◆ **PROVIDED DATA**:
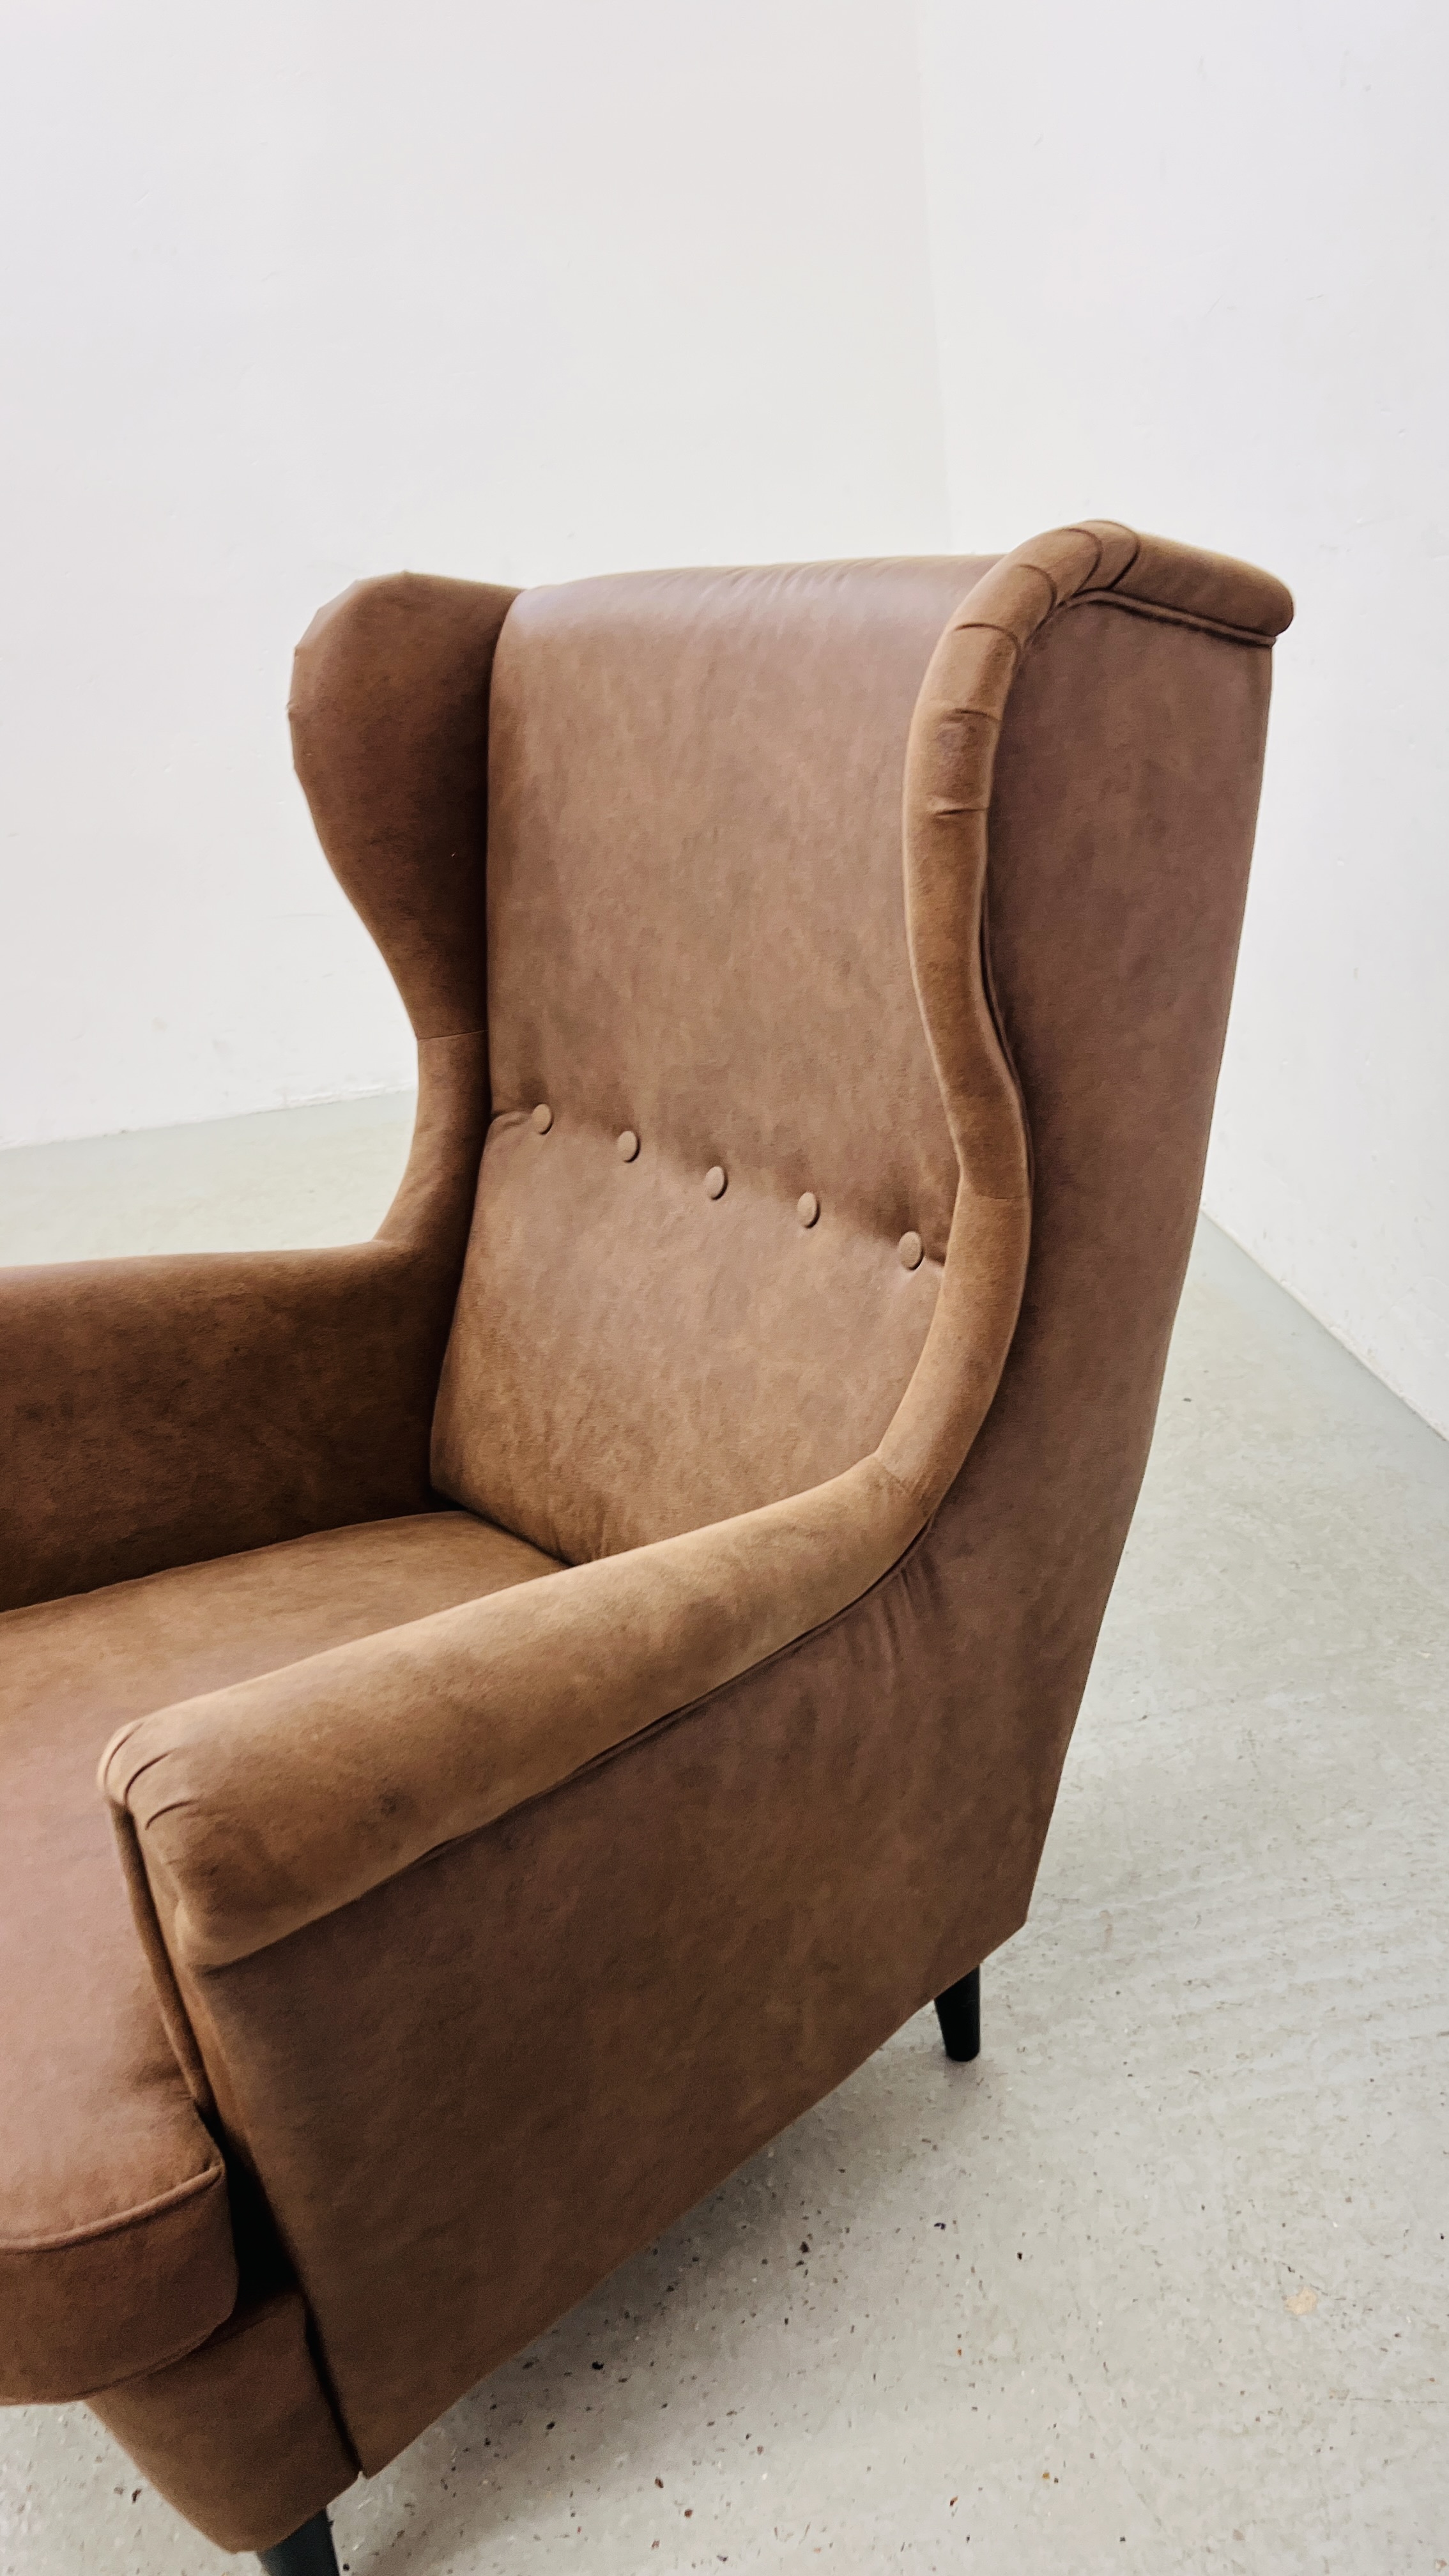 A MODEERN IKEA DESIGNER WINGED ARM CHAIR FAUX BROWN SUEDE UPHOLSTERTY - Image 5 of 7
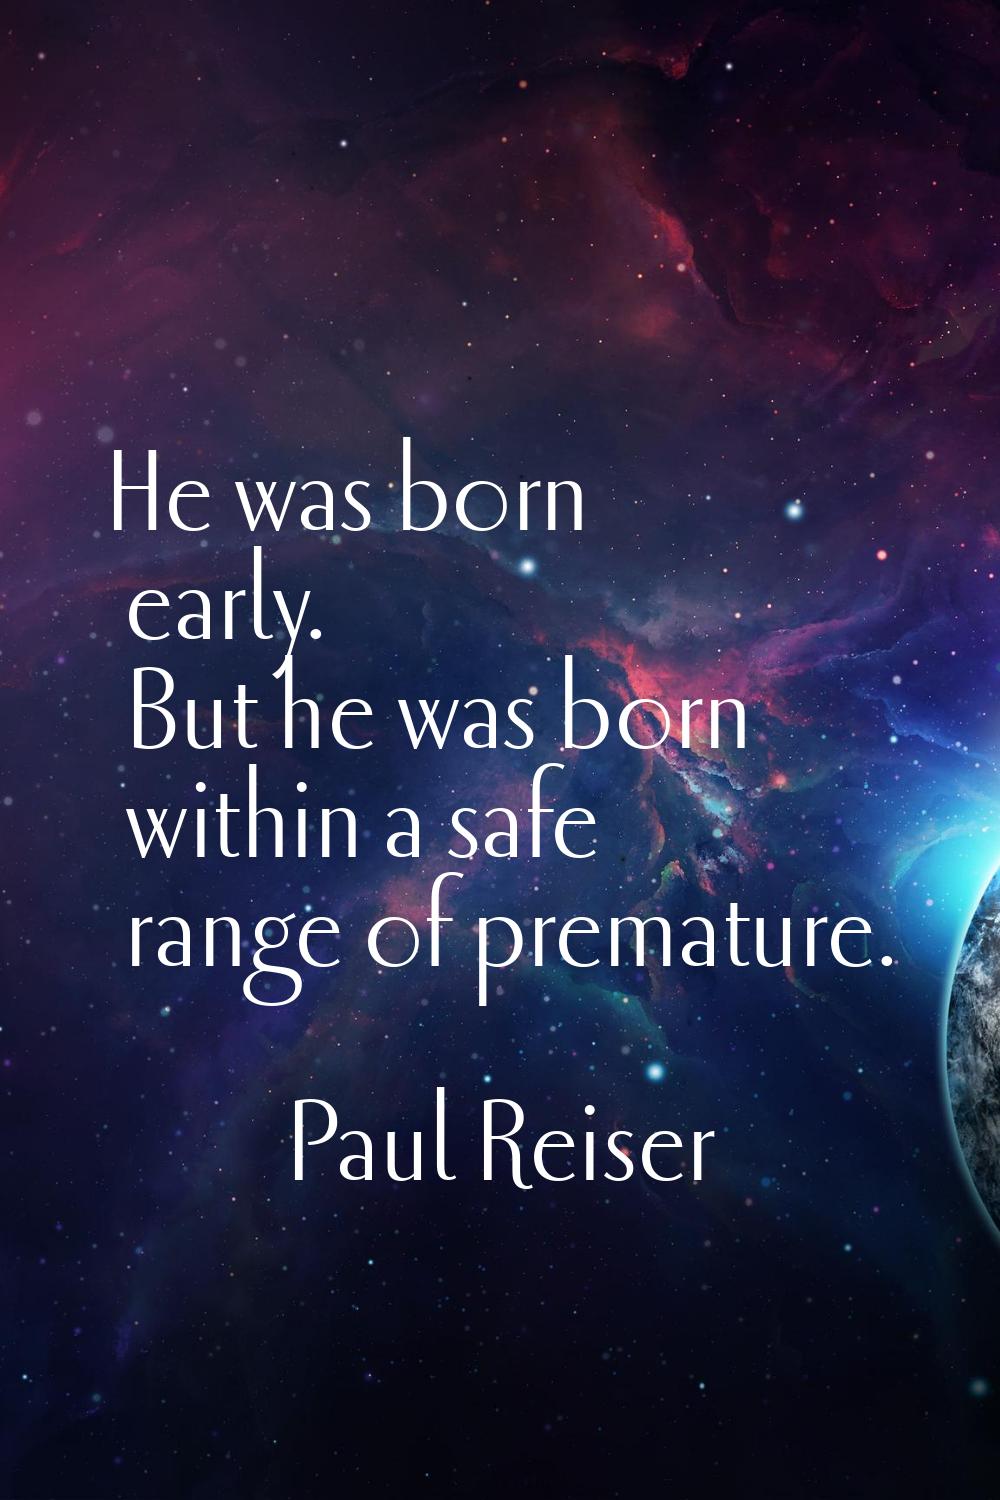 He was born early. But he was born within a safe range of premature.
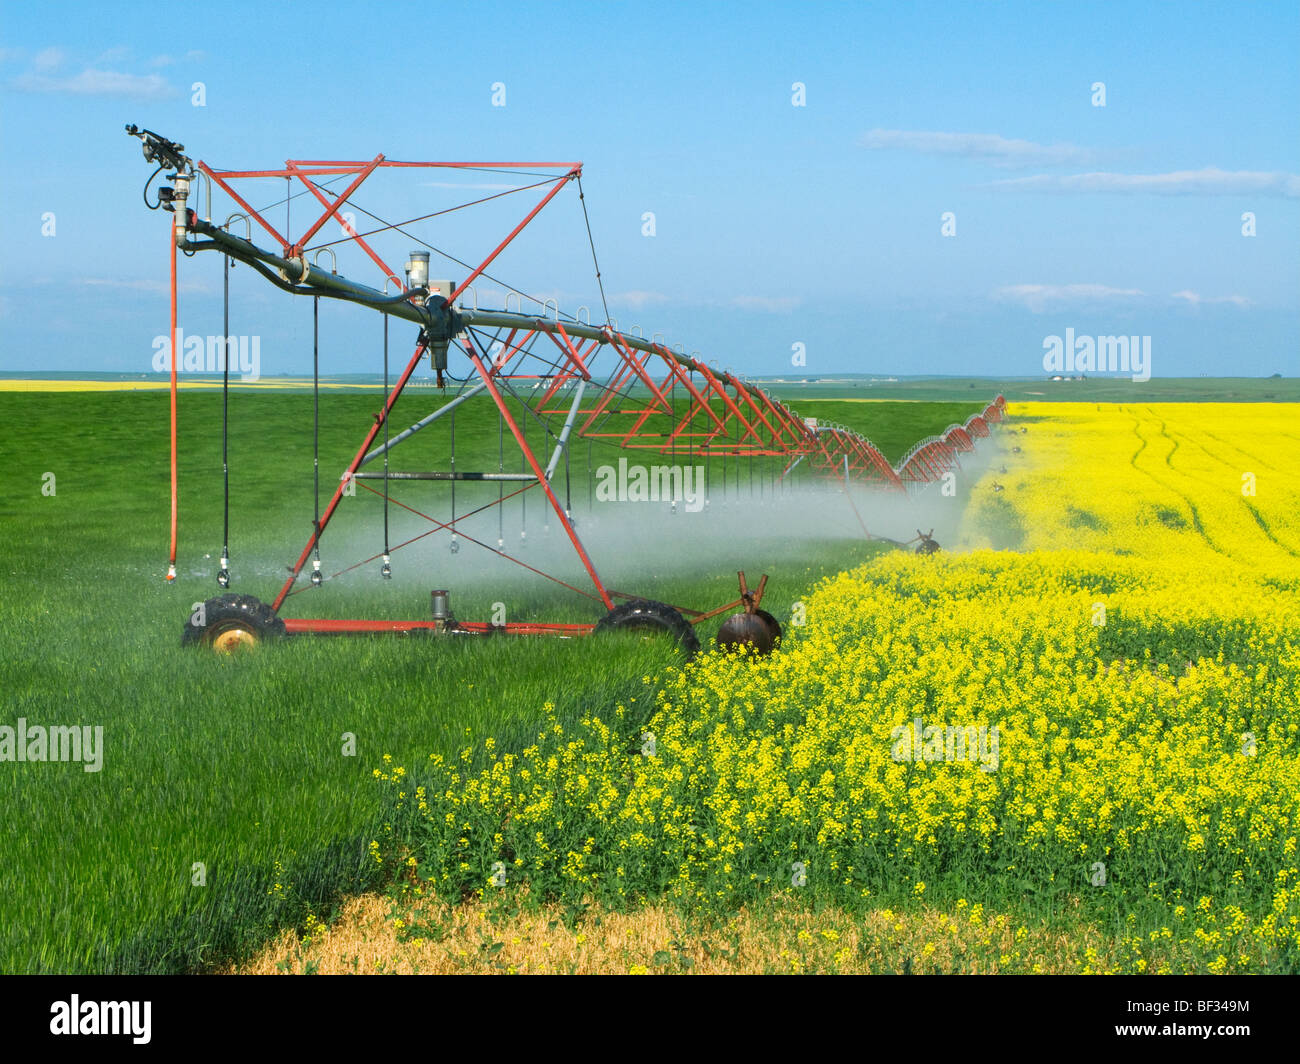 A center pivot irrigation system crossing from a blooming canola field to an adjoining cereal grain field / Alberta, Canada. Stock Photo
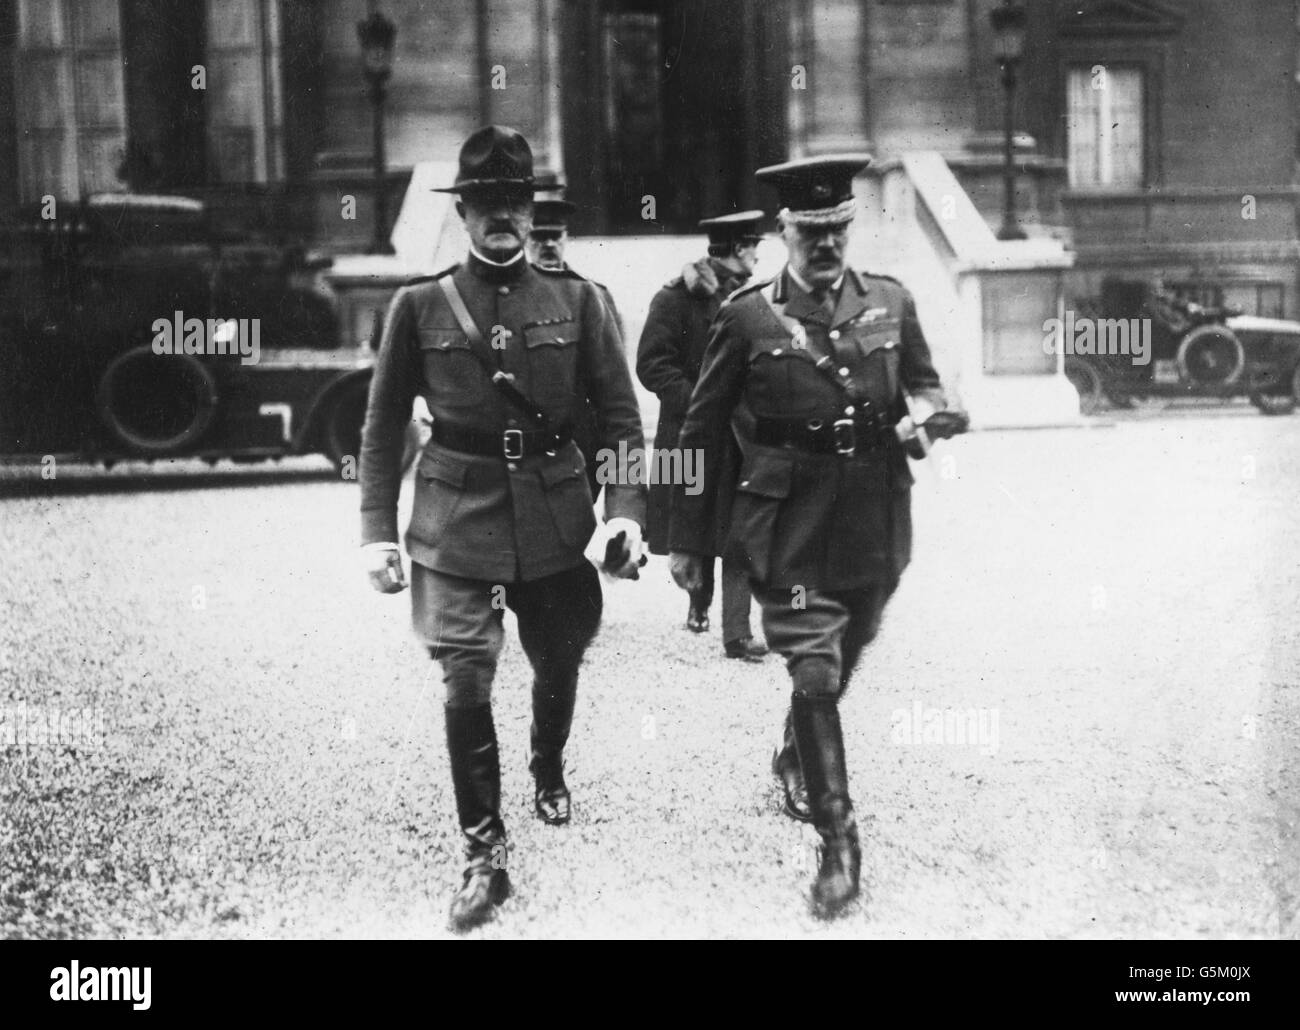 General Pershing, Commander in Chief of the American troops in France, and Sir William Robertson, Chief of the British General Staff at the Foreign Ministry in Paris. *Low res scan - hi res version available on request* Stock Photo

◆ **WHAT YOU HAVE TO DO**:
Reproduce the material exactly; keep pictures out.

◆ **RESULT BELOW**:
 A MODEERN IKEA DESIGNER WINGED ARM CHAIR FAUX BROWN SUEDE UPHOLSTERTY - Image 5 of 7
 He was born early. But he was born within a safe range of premature.
 A center pivot irrigation system crossing from a blooming canola field to an adjoining cereal grain field / Alberta, Canada. Stock Photo
 General Pershing, Commander in Chief of the American troops in France, and Sir William Robertson, Chief of the British General Staff at the Foreign Ministry in Paris. *Low res scan - hi res version available on request* Stock Photo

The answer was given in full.